Intervention de Jean-Christophe Lagarde

Séance en hémicycle du 27 novembre 2014 à 15h00
Financement de la recherche oncologique pédiatrique — Discussion générale

Photo issue du site de l'Assemblée nationale ou de WikipediaJean-Christophe Lagarde, rapporteur de la commission des affaires sociales :

Avant que le débat ne s’achève, puisque telle semble être la volonté du groupe socialiste qui propose, dans son amendement no 1 , de rejeter tout le dispositif, contrairement à ce que souhaite Gilles Lurton du groupe UMP, permettez-moi quelques observations. J’ai entendu beaucoup d’argumentations qui reposaient plus sur l’exposé des motifs que sur le principe même du texte. Or, on ne vote pas dans l’hémicycle un exposé des motifs, d’autant que celui-ci date d’il y a deux ans. En effet, l’on ne peut inscrire dans les niches parlementaires que des textes existant déjà. Or, le troisième Plan cancer est intervenu depuis. Cela dit, des progrès ont certes été accomplis, mais je ne pense pas pour autant, contrairement à d’autres, que tous les progrès qui pourraient être faits l’ont été.

Madame la secrétaire d’État, comme Mme Pinville vous avez déclaré que des progrès formidables avaient été réalisés depuis quarante ans en oncologie pédiatrique. Certes, il y en a eu, mais dans de nombreux secteurs, c’est fini. Les progrès les plus spectaculaires concernent les leucémies. Pour une soixantaine d’autres cancers, les progrès sont inexistants – je pense au rhabdomyosarcome, qui est une tumeur maligne des tissus mous chez l’enfant ; aux gliomes malins infiltrants du tronc cérébral ou à certaines formes très rares de leucémies.
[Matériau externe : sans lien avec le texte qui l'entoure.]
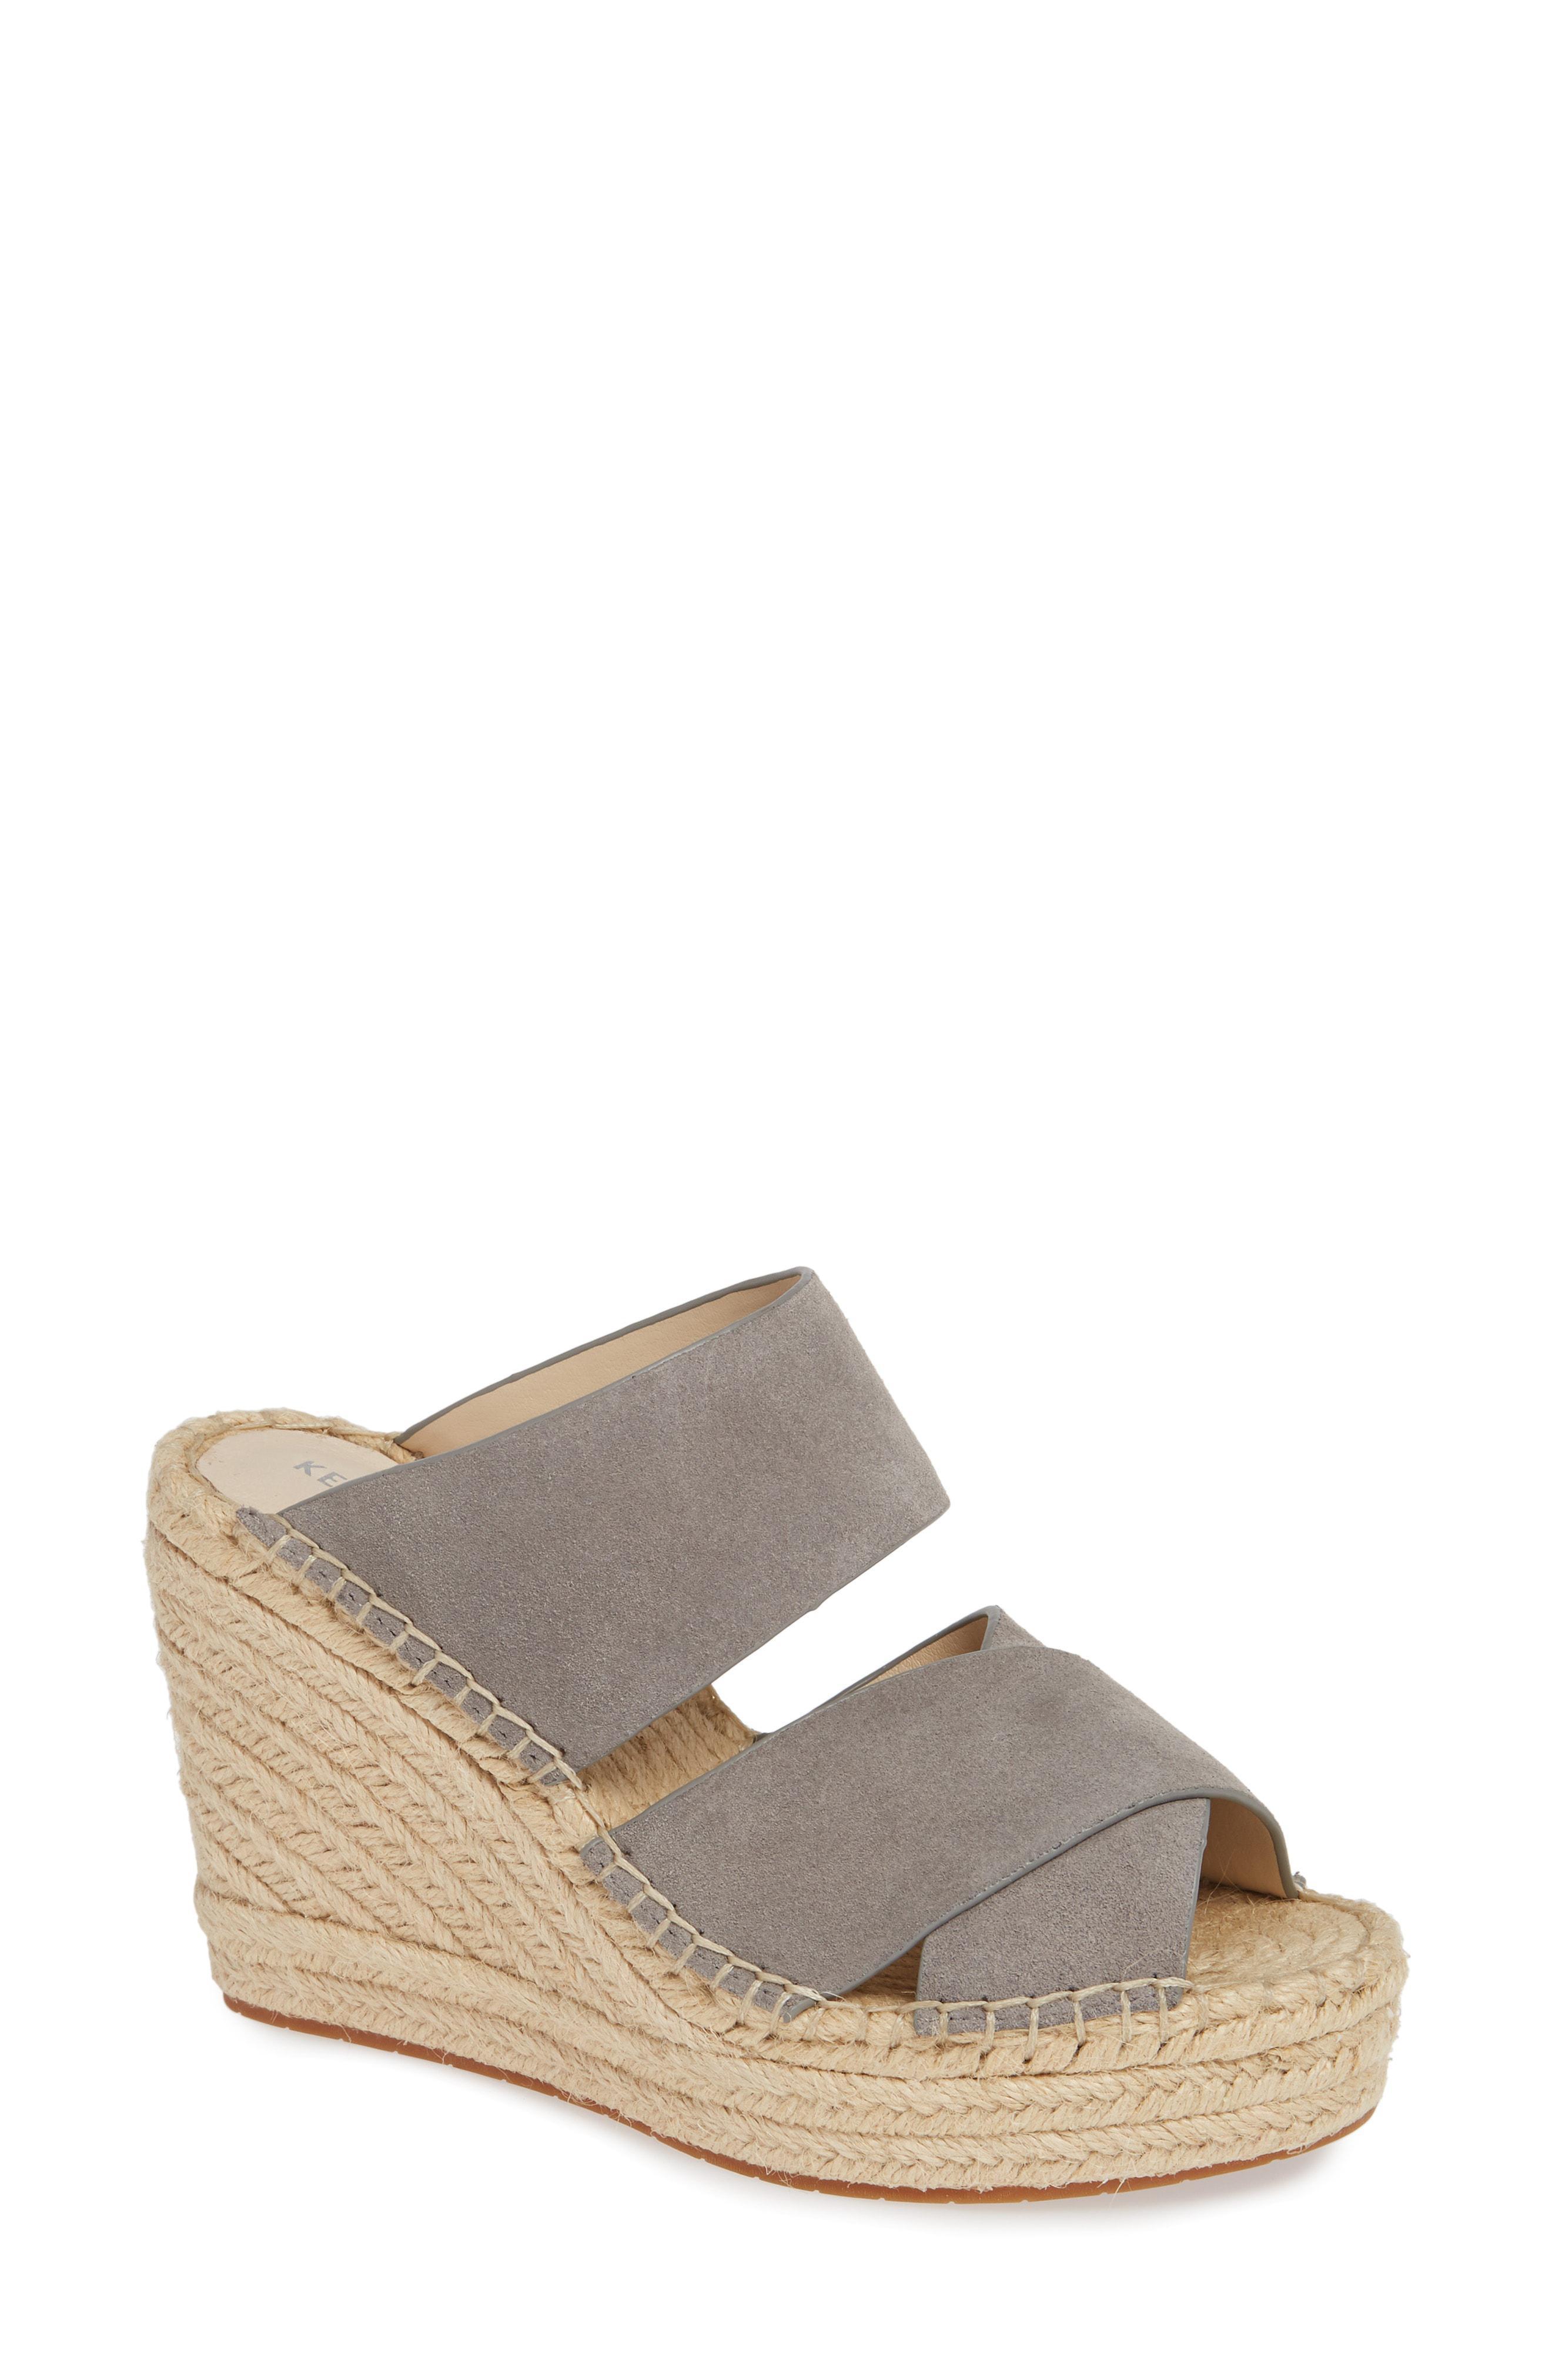 8a5d1caadb2b Lyst - Kenneth Cole Olivia Wedge Slide Sandal in Gray

S’il y a effectivement un progrès dans la statistique globale, c’est essentiellement grâce aux taux de survie des leucémies qui sont de 80 à 90 % – heureusement ! Les progrès ont été réalisés par des essais cliniques, grâce à des molécules recherchées sur l’adulte, puis dosées et testées pour les enfants. Tant mieux pour ces familles ! Reste, toutefois, madame la secrétaire d’État, comme vous l’avez dit vous-même, que nous déplorons environ 500 décès annuels.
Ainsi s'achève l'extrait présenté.